Наконец он добрался до комнаты, где прятал под паркетиной свои снадобья. Пальцы, дрожавшие от паники, беспорядочно шарили по полу, лицо взмокло от липкого пота. Он проглотил сразу две таблетки, чтобы уж вырубиться как следует, без сновидений, рухнул на кровать и свернулся калачиком, моля Бога, чтобы тот позволил ему забыться, упасть внутрь себя, как падают в бездонный колодец.

69

– Что это ты делаешь?

– Ты разве не видишь? Вещи наши собираю.

– Вы уезжаете?

– Да, дорогуша. В Корюбер. Я раздобыл бензин у себя в больнице.

В тех местах, близ городка Ножан-ле-Ротру, у Бернаров был загородный дом – другие назвали бы его замком или как минимум усадьбой.

– С чего это вдруг?

Отец яростно ударил кулаками по рубашкам, уложенным на дно чемодана.

– С чего?! – повторил он, повысив голос. – Да с того, что мне уже обрыдла эта страна дураков! С того, что меня уже тошнит от ваших идиотских студенческих забав! Мало нам было забастовок и этих вечных профсоюзных причитаний – так теперь еще и Помпиду наделал в штаны от страха. Но вам и этого недостаточно? В общем, с меня хватит, черт возьми! Я уже сыт по горло, ясно тебе?

И он бросил в чемодан стопку свитеров – на берегах Орны[81] по вечерам всегда бывало сыро.

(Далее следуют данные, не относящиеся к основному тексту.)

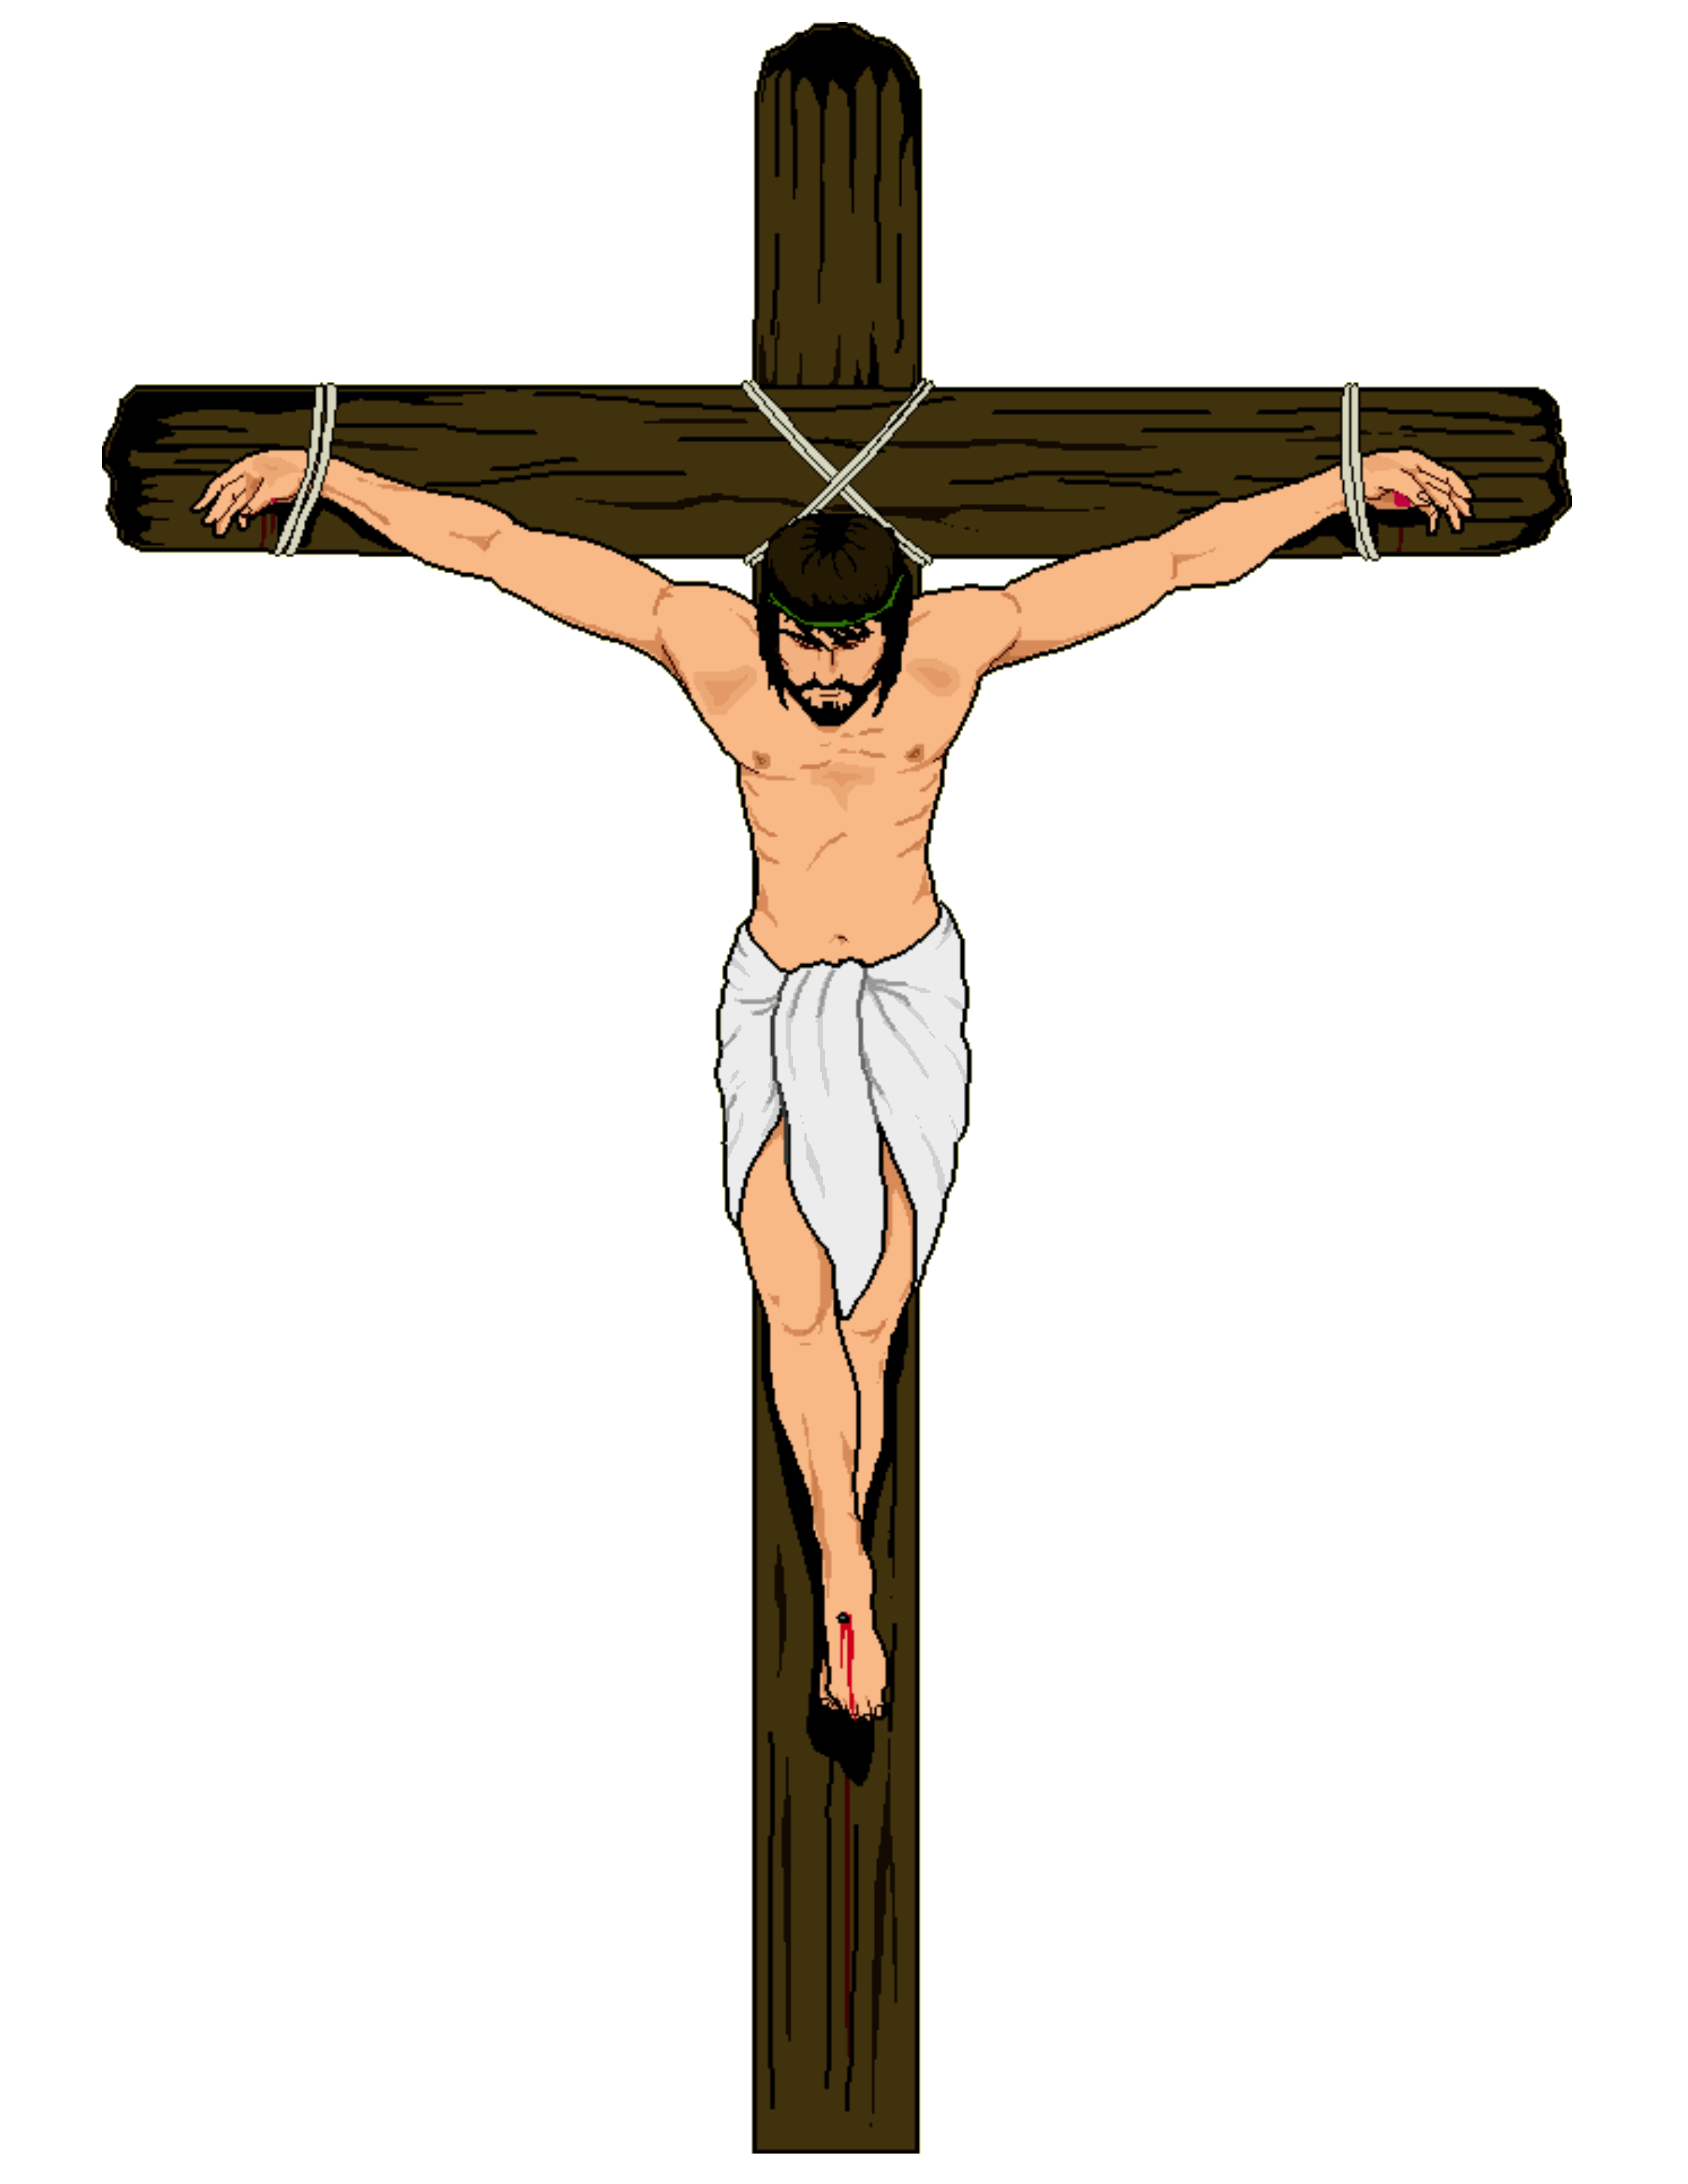 Crucifix clipart dies jesus, Crucifix dies jesus Transparent FREE for

Николь подыскивала аргументы, способные удержать отца. Конечно, его чисто буржуазный гнев раздражал девушку, но в глубине души она чувствовала, как ее одолевает паника. Остаться одной в этой огромной квартире? А что, если она и в самом деле значится третьей в списке жертв убийцы? Николь вспомнила о двоих полицейских, дежуривших внизу, у подъезда. Вряд ли они смогут ее защитить… Она уже собралась было рассказать всю эту историю отцу, но вместо этого спросила:

– А как же твои пациенты?

Отец саркастически рассмеялся:

– Мои пациенты? Да они боятся даже нос высунуть из дому! Тем более что в больнице одна половина медперсонала бастует, а вторая играет в карты во дворе под платанами. Так что я никому там не нужен, уж поверь мне. Если вся Франция решила погрязнуть в хаосе, я поеду удить рыбку!

– А я?

Николь задала этот вопрос в качестве последнего убедительного аргумента.

– Ты? Ты уедешь с нами.

– Даже речи быть не может!

Ответ вырвался у девушки спонтанно, она и обдумать его не успела. Это был не отпор, а стойкий рефлекс: отвечать «нет» при любых обстоятельствах – особенно отцу.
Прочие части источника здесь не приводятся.